Portakalın sulu kısmı C ve A vitamini, folik asit (B9), fosfor, potasyum, magnezyum kaynağıdır. Askorbik asit olarak da bilinen C vitamini, vücutta depolanamaz, her gün ihtiyaç kadar bir miktarın vücuda alınması gereklidir. C vitamini antioksidan özelliği ile önem taşır. Antioksidan özelliği; E vitamini, A vitaminin öncü maddesi olan karotenoidler, esansiyel iz mineralleri içeren gıdaların birlikte alınmasına bağlıdır. Çevre kirliliği, sigara kullanımı, gebelik, emziklilik, enfeksiyon ve kronik hastalıklarda, C vitamini ihtiyacı artmaktadır.                    C vitamini kötü koşullarla oluşan serbest radikallerin hücrelere zarar vermesini engeller. Turunçgillerde bulunan bir amino asit olan prolin; kolajeni oluşturmakta, C vitamini de bunun sentezlenmesine yardımcı olmakta, cilt sağlığını desteklemekte, kan damarları ve bağ dokunun bütünlüğünü korumaya yardımcı olmaktadır. C vitamininin; kış ve geçiş mevsimlerinde insan sağlığı bakımından; soğuk algınlığı, zatürre ve solunum yolu enfeksiyonlarının yoğunluğunu azaltabildiği ve semptomların süresini kısaltabildiği saptanmıştır. Tansiyon, kolestrol, ürik asit düşürücü etkiye sahip olan C vitamini, demirin alımını artırarak kansızlığı önlemekte, merkezi sinir sisteminin sağlıklı kalmasını sağlamakta ve beyaz kan hücrelerini artırarak bağışıklığı güçlendirmektedir. Portakaldaki folik asit yani B9, üreme ve büyüme, amino asit ve kan hücreleri yapımı için gereklidir.

Ayrıca sağlıklı hamilelik, kalp hastalığı, vücutta enerjinin yeterli olması, stressiz yaşam, hafıza sağlığı bakımından da gerekli bir vitamindir. Portakal, minerallerden en çok potasyum içermektedir. Böylece orta boy bir portakal yendiğinde, kan basıncının düzenli olmasına yardımcı olmakta, çarpıntı riskini azaltmaktadır. Bu mineral, orta yaş grubu kadınların, erkek ve kadın yaşlıların kemiklerinin sağlıklı kalmasına yardımcı olmaktadır. Portakalda bulunan kalsiyum ise kemik ve dişlerin gelişmesine, kas basıncının düzenlenmesine ve kas fonksiyonlarının iyi olmasına yardımcı olmaktadır.

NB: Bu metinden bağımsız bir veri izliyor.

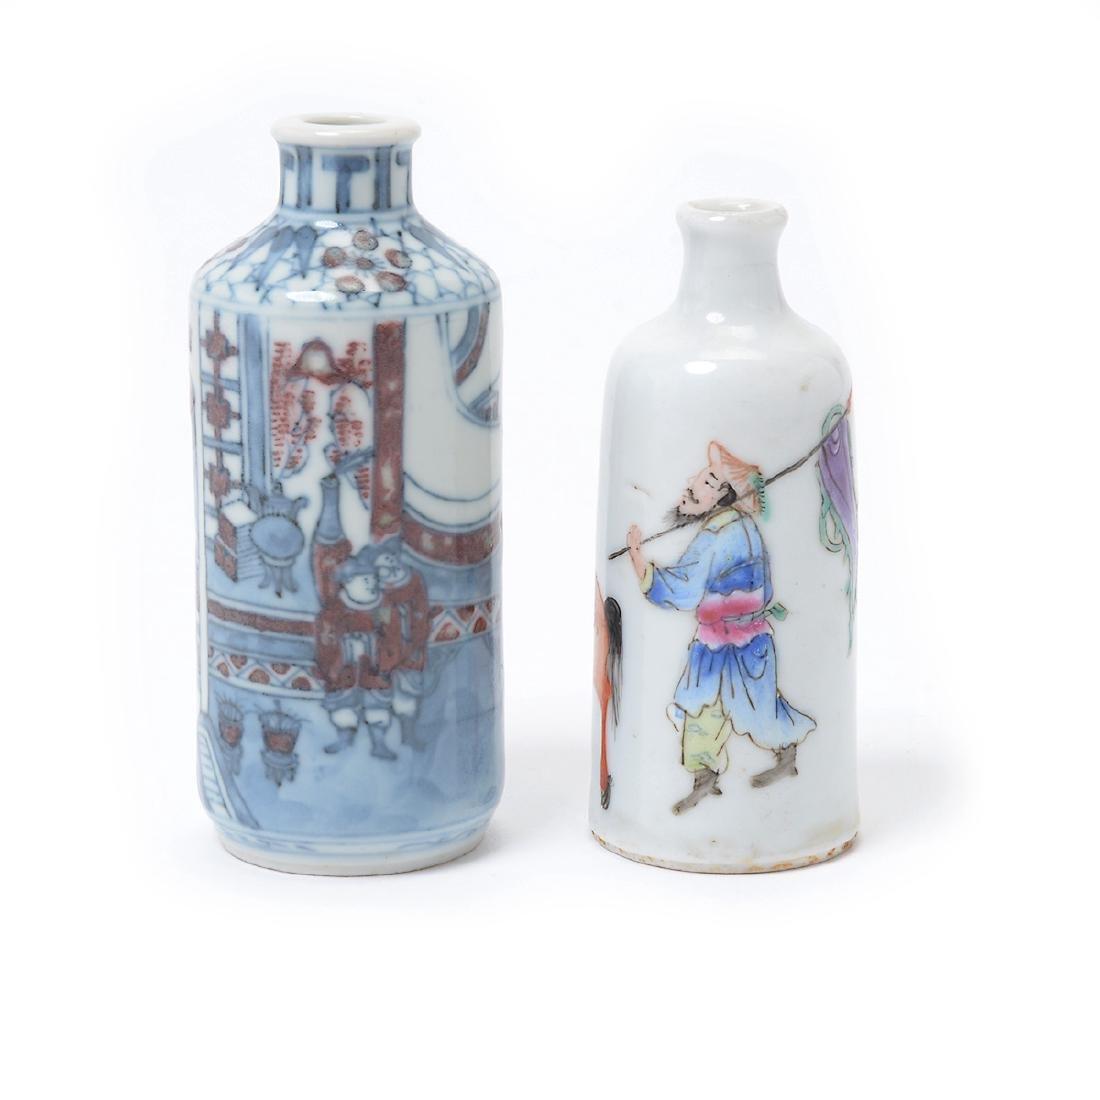 Two Porcelain Figural Snuff Bottles - 2

Portakalın sahip olduğu minerallerden magnezyum, kan basıncının düzenlenmesi, kemik ve diş sağlığı, kas ve sinir sisteminin düzenli çalışması için önemlidir. Portakalın karbonhidrat içeriği, früktoz ve glikozdan gelmektedir. Portakalın lif içeriği yüksek olduğu için, früktoz yavaş sindirilir ve karaciğer yağlanmasına bağlı insülin direnci gibi olumsuz bir etki yaratmamaktadır. Portakal asitli bir meyvedir, ancak beyaz kısmı ile birlikte tüketilmesi mide yanması, şişkinlik ve gaz şikayetlerini azaltmaktadır. Kan sulandırıcı ilaç kullanan kişiler, bir adetten fazla tüketmemelidir.

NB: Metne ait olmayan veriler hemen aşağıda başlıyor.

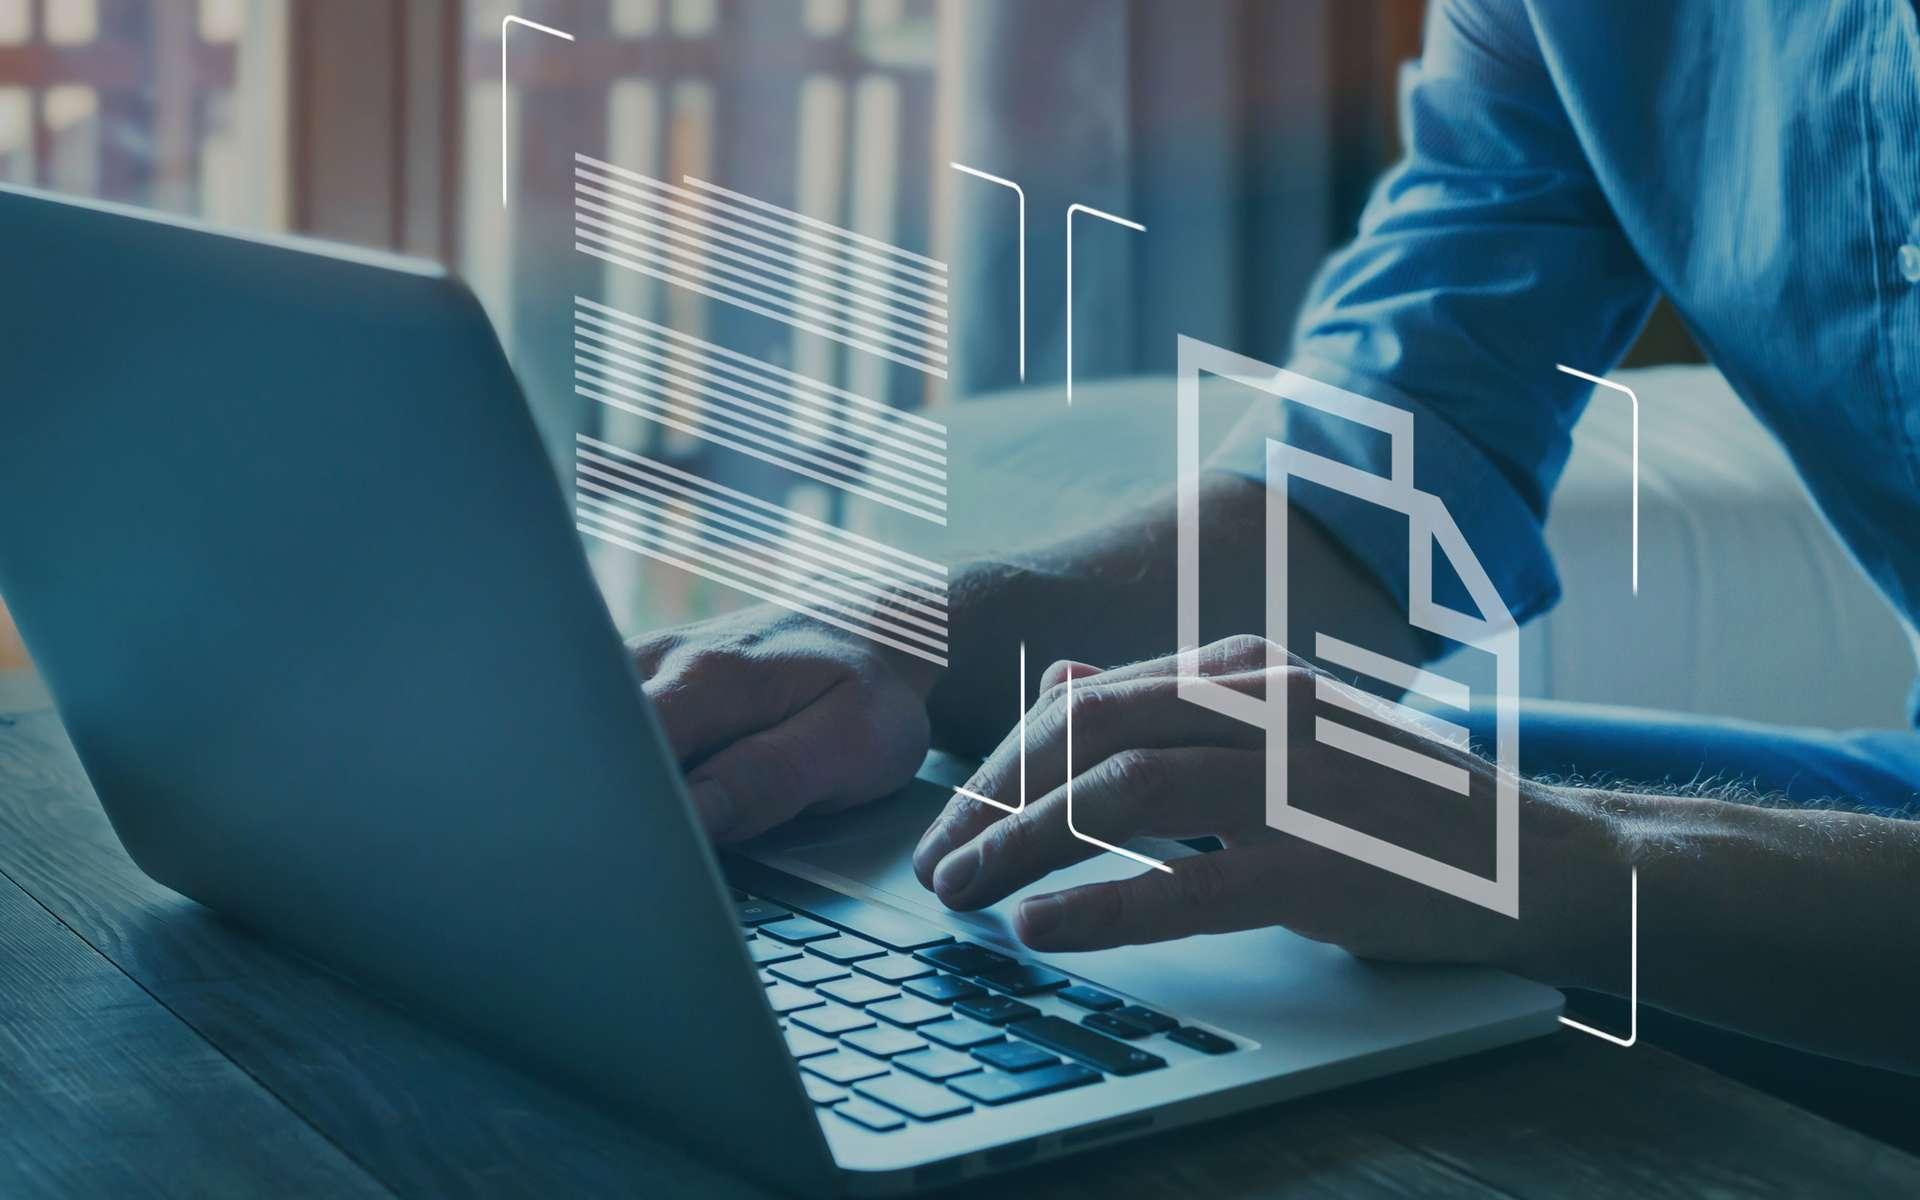 La rédaction d'un contrat d'infogérance nécessite d'intégrer différentes clauses dans les bons termes. © Song_about_summer, Adobe Stock

Şeker hastalığı ve insülin direnci olan kişiler ise öğün arasında kuruyemişler, ya da süt ve yoğurt gibi bir protein kaynağı ile birlikte tüketmeye çalışmalıdırlar. Portakal, günde 2 adetten fazla tüketilmemeli ve sadece suyunun içilmesi yerine meyvesinin tüketilmesi tercih edilmelidir. Portakal tüketilirken yapılan ısıl işlemler vitamin ve mineral içeriğini azaltır. Kuru baklagillerde, tahıllarda, ıspanakta olan alınması zor olan demirin alınmasını kolaylaştırmak için yanında portakal tüketimi faydalı olmaktadır.